Vitamin A supplementation does not reach all children, or for long enough. For children aged 6 to 11 months and 12 to 59 months, vitamin A supplementation coverage rates nationally were 72.8% and 13.9%, respectively (www.hst.co.za) - the low rates probably reflect the poor clinic attendance of children above 2 years after completing their infant immunisations.

Vitamin A deficiency results in a higher risk of maternal death, increased risk of death from measles and diarrhoea in children, reduced resistance to infections, delayed recovery from illness, and eye damage. Household food gardens have the potential to address this by providing an accessible source of micronutrients for family members.

In Bangladesh, food gardens are proven to provide dietary diversity and support the micronutrient intake for children. In South Africa, the research has been more divided, with a number of unenthusiastic conclusions made about its value in impacting on micronutrient intake. . However, recent research supports positive findings particularly in relation to Vitamin A intake.

Positive case stories in South Africa are reported by Faber et al (2002), with increased Vitamin A intake in children as a result of a home-based food production programme in rural KZN. One of the main reasons for this was the focus on growing Vitamin A rich foods. The project also had impact beyond those families with gardens. Increase in vitamin A intake was documented both for children from households with project gardens as well as for those without project gardens (although it was significantly higher for children with gardens.)

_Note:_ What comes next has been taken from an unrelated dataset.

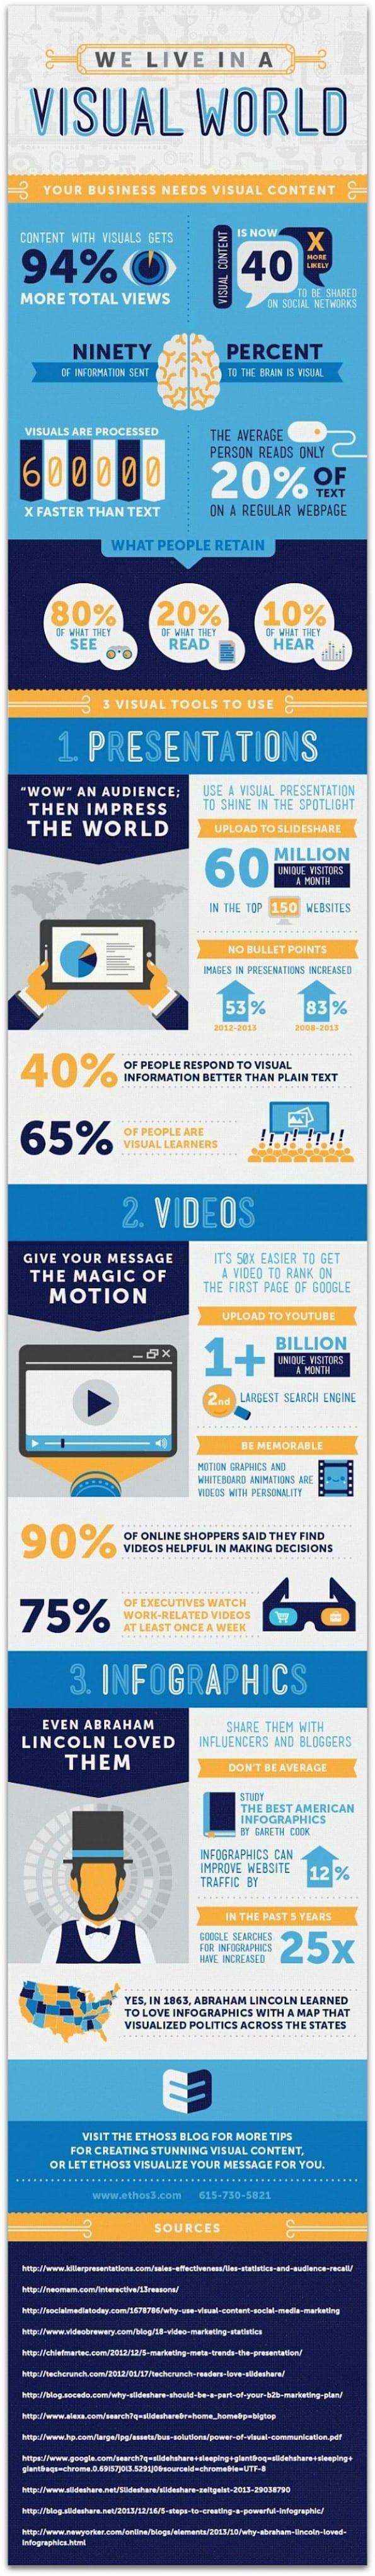 Ik zie, ik zie, wat jij niet ziet - waarom visuele content beter scoort dan tekst [infographic]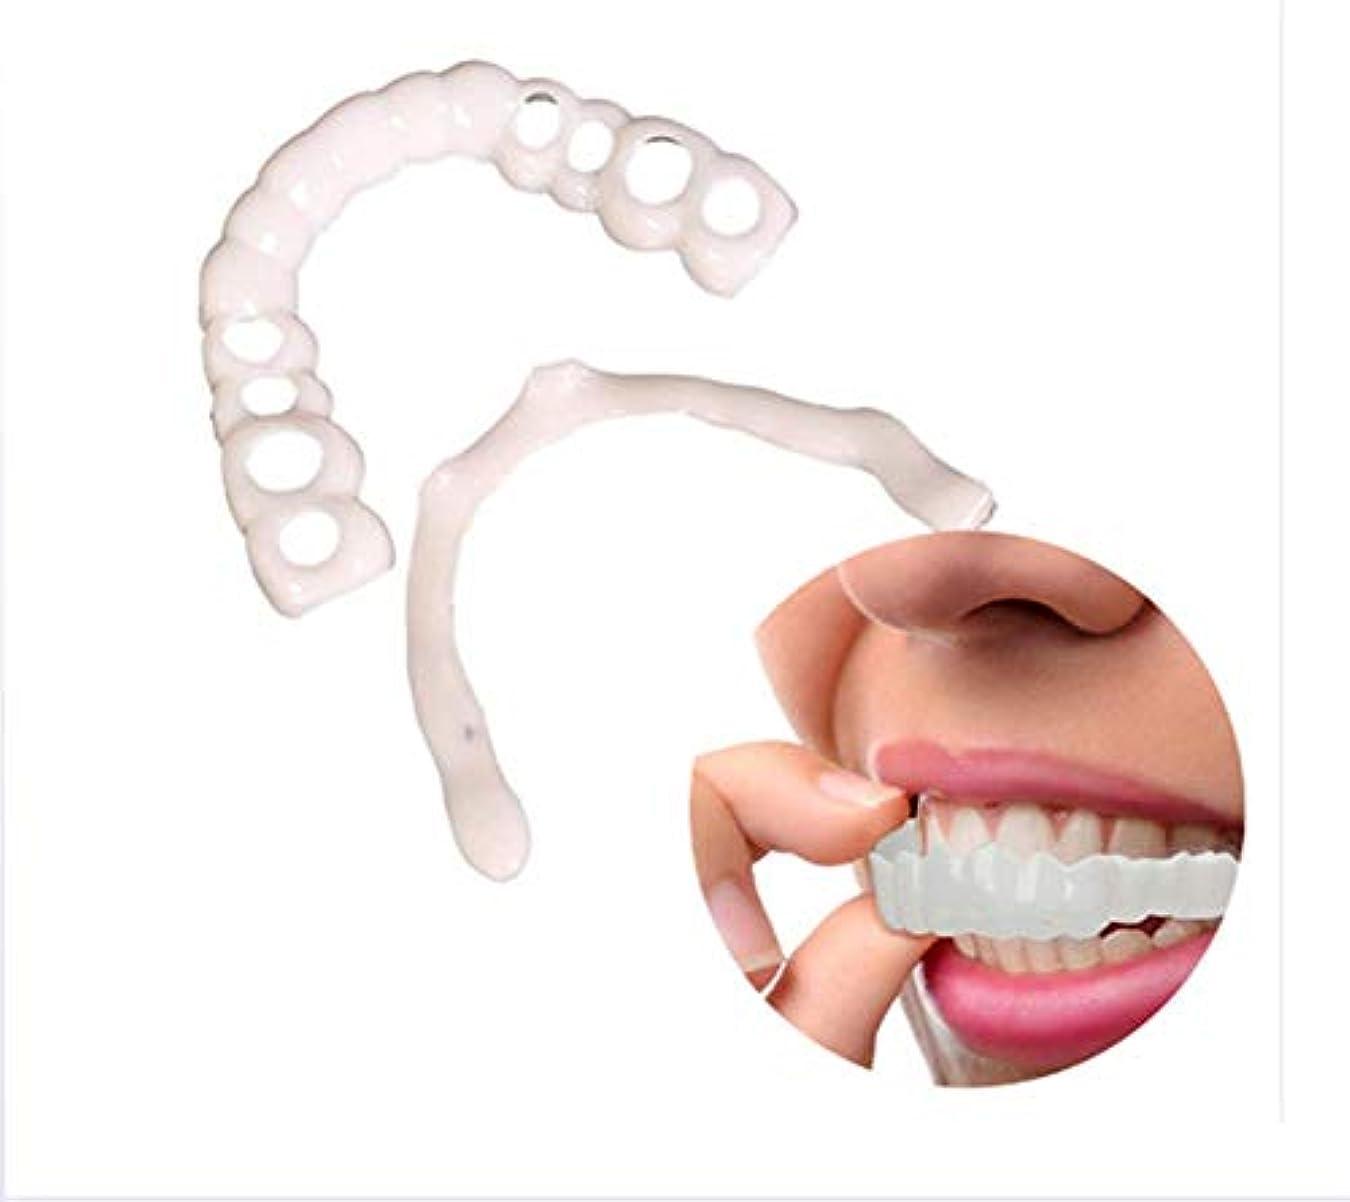 むしゃむしゃアナウンサー欺化粧品の歯の3セット即座に笑顔歯快適なフィットソフトトップ化粧突き板、すべてに適して、ナチュラルスモール新しくて快適な完璧な笑顔

The Agricultural Research Council also conducted a food garden project in Lusikisiki, Eastern Cape, to investigate a food-based approach to dealing with Vitamin A deficiency. Evaluation of the project showed a favourable effect on child morbidity, nutritional knowledge and dietary intake of Vitamin A rich vegetables. Critically important to their success was the commitment of the health volunteers, and the use of staggered planting to ensure year round Vitamin A vegetables.

Income replacement

Although there is controversy about the ability of food gardens to generate a substantial income for gardeners, food gardens have the potential to both mitigate household expenditure on vegetables and, in some cases, generate a small income. This income ‘saving’ means that families are able to purchase more energy-dense foods and improve their nutrition because of the cost saving or income generated.

This is an important factor to consider when calculating the value of food gardens. In schools and ECD centres, the addition of vegetables to the school meals potentially frees some of the school-feeding budget to purchase additional foodstuffs. How regularly this happens in practise, and how large a saving is not clearly documented.

Studies show that an increase in income in rural areas results in increased expenditure on fresh and processed fruit and vegetables and meat, which has an impact on rural diets. The fact that social grants in South Africa appear to have been the most important contributor to reducing poverty and food insecurity in the poorest households, also illustrates the impact of income on nutrition (Aliber 2009).